| October 3, 2008 | |
Indian developers don’t feel they are facing anything threat of takeovers despite the real estate downturn. In a scenario where most companies are heavily leveraged and that too at high interest rates, analysts say the smaller firms could be up for acquisition. “If the depressed market takes a longer time to rebound, then anything is possible including mergers and acquisitions,” says Anshuman Magazine, managing director, CB Richard Ellis. “Companies with high levels of debt may be forced to sell some stake to bigger players in order to survive.” Some industry executives suggest that if the downturn persists for some more months, smaller firms may be up for grabs. But others disagree with this view.
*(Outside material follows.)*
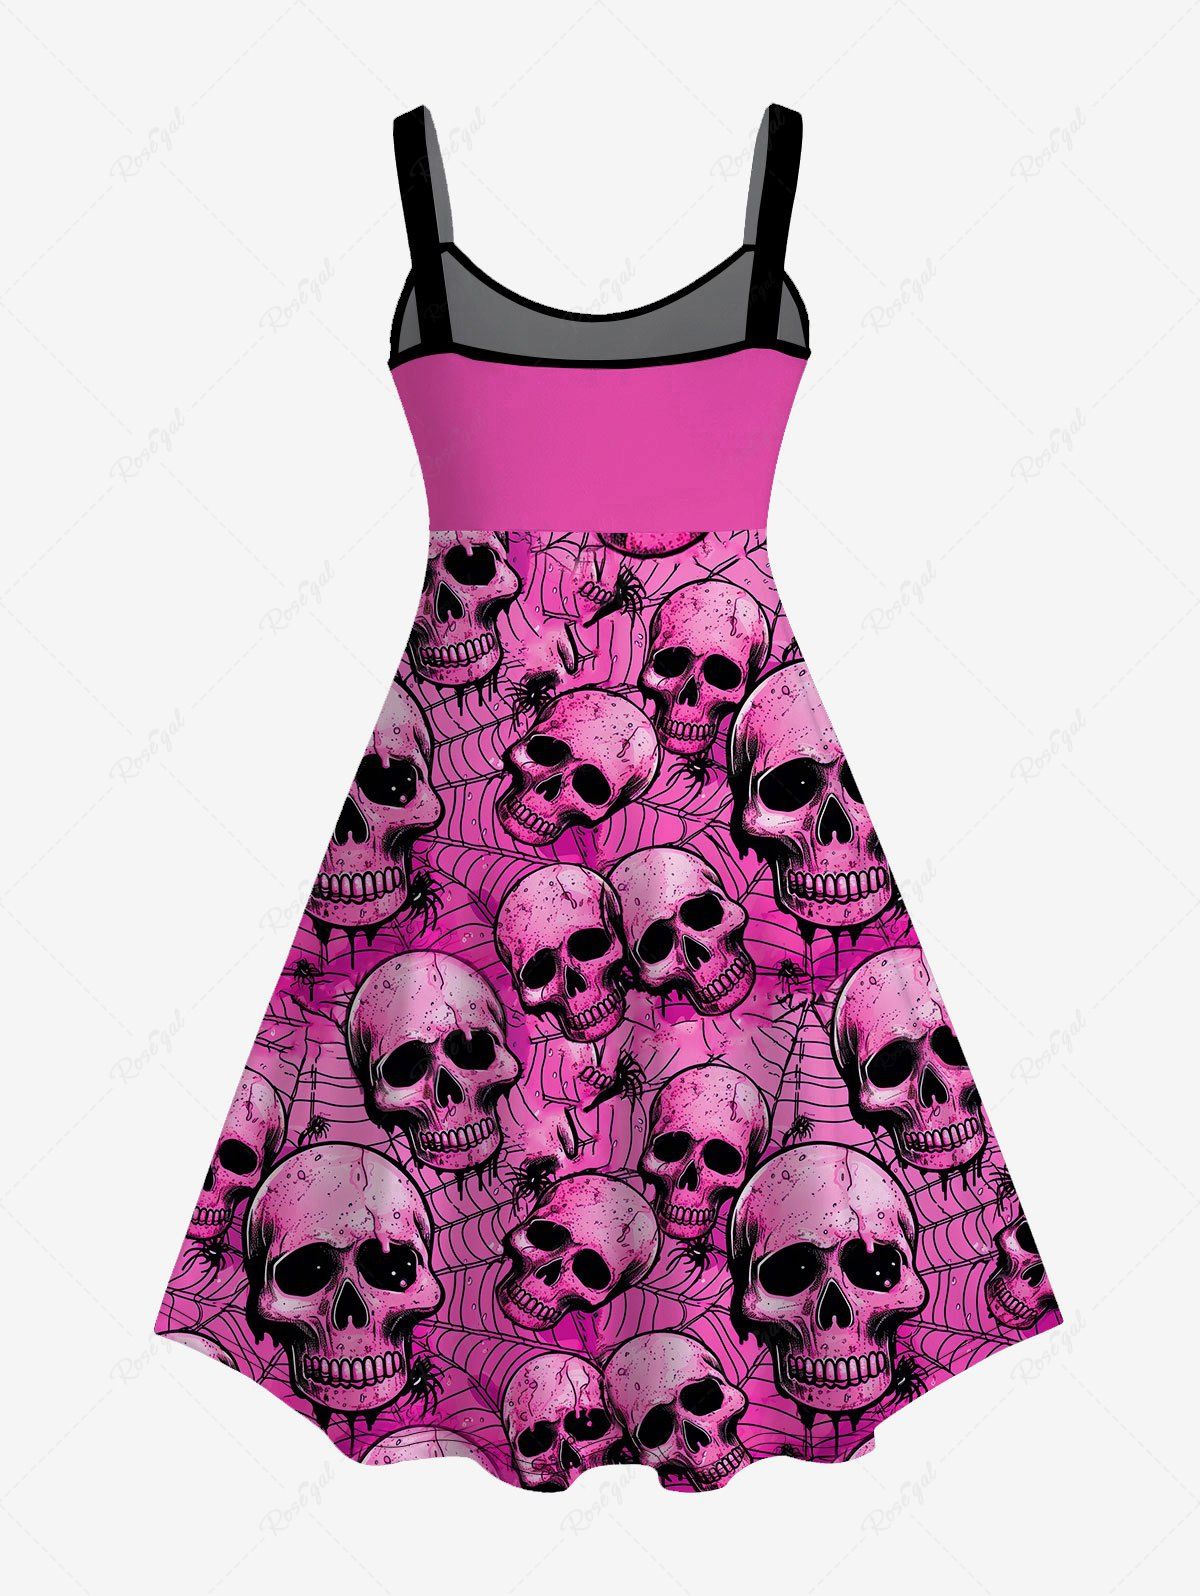 💗Tabbytragedy Loves💗 Gothic Valentine's Day Skulls Skeleton Spider Web Print Tank Dress

Pradeep Jain, chairman, Parsvnath Developers Ltd. adds that developers who have the ability to hold on could manage to ride over the crisis even if they manage to sell one or two of premium priced projects.
Analysts point out that the real estate sector is suffering from high valuation expectations of promoters on one hand and the reluctance of fund managers to take exposures on the other. “Since many companies are currently trading at 30 to 40 per cent of their peak share price levels, the promoters are reluctant to divest. As a result, there is a huge gap in expectation and reality,” they added. The valuation dynamics have also undergone a major change. Developers are still looking at land bank and its value as the intrinsic value of their stock, while fund managers are looking at cash flow and the ability to deliver and sell actual products in the market in the next 12 to 24 months.